Duplicate Characters within a String

A new functionality that stringr provides in which base R does not have a specific function for is character duplication:

str_dup("beer", times = 3)
## [1] "beerbeerbeer"

str_dup("beer", times = 1:3)
## [1] "beer"         "beerbeer"     "beerbeerbeer"


# use with a vector of strings
states_i_luv <- state.name[c(6, 23, 34, 35)]
str_dup(states_i_luv, times = 2)
## [1] "ColoradoColorado"         "MinnesotaMinnesota"      
## [3] "North DakotaNorth Dakota" "OhioOhio"

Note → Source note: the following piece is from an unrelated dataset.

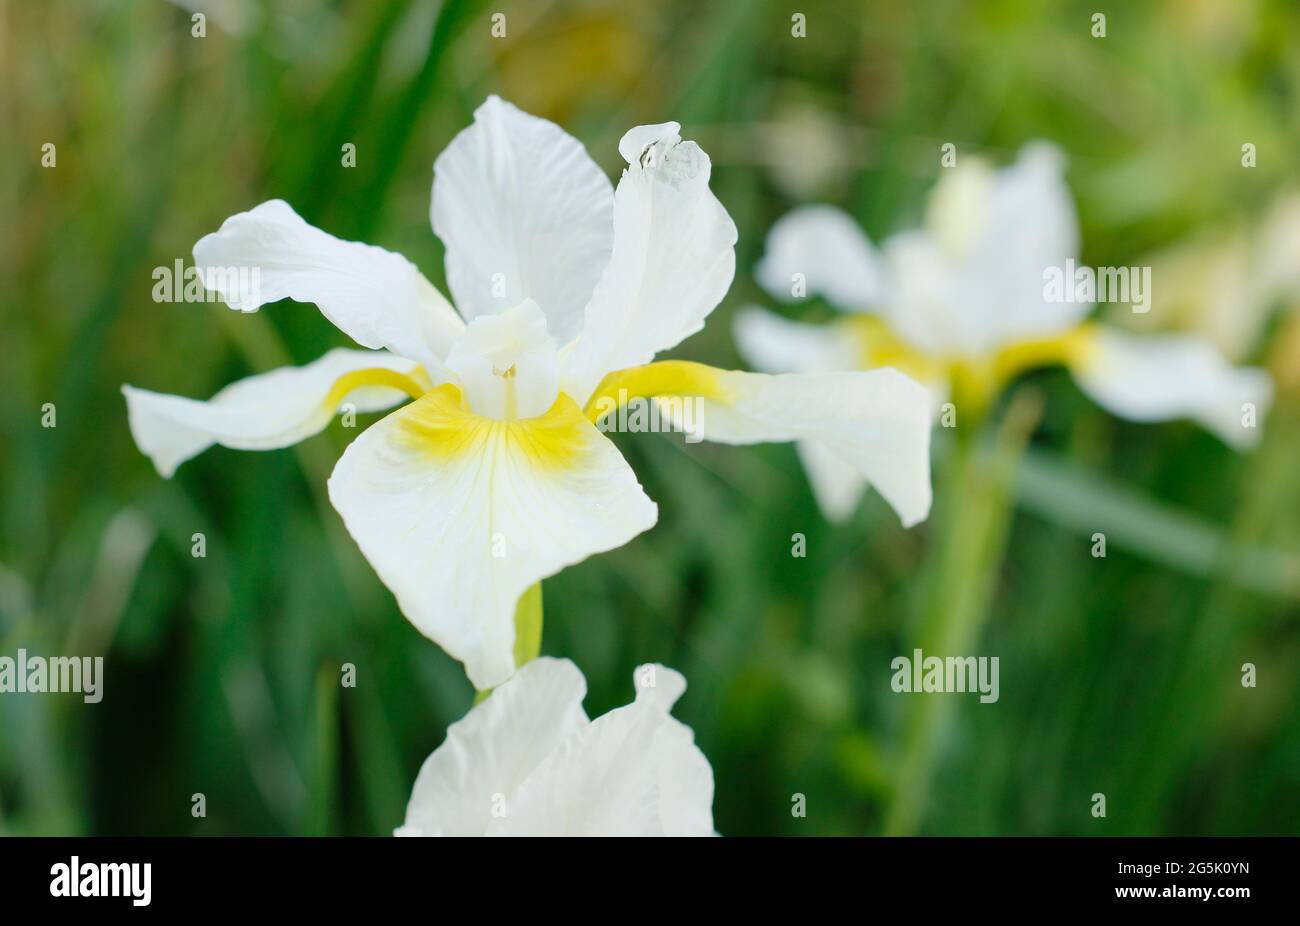 Iris sanguinea 'Snow Queen'.Siberian iris 'Snow Queen displaying characteristic white blooms with yellow throats. Stock Photo

Remove Leading and Trailing Whitespace

A common task of string processing is that of parsing text into individual words. Often, this results in words having blank spaces (whitespaces) on either end of the word. The str_trim() can be used to remove these spaces:

text <- c("Text ", "  with", " whitespace ", " on", "both ", " sides ")

# remove whitespaces on the left side
str_trim(text, side = "left")
## [1] "Text "       "with"        "whitespace " "on"          "both "      
## [6] "sides "

# remove whitespaces on the right side
str_trim(text, side = "right")
## [1] "Text"        "  with"      " whitespace" " on"         "both"       
## [6] " sides"

# remove whitespaces on both sides
str_trim(text, side = "both")
## [1] "Text"       "with"       "whitespace" "on"         "both"      
## [6] "sides"


Pad a String with Whitespace

To add whitespace, or to pad a string, use str_pad(). You can also use str_pad() to pad a string with specified characters.

str_pad("beer", width = 10, side = "left")
## [1] "      beer"

str_pad("beer", width = 10, side = "both")
## [1] "   beer   "

str_pad("beer", width = 10, side = "right", pad = "!")
## [1] "beer!!!!!!"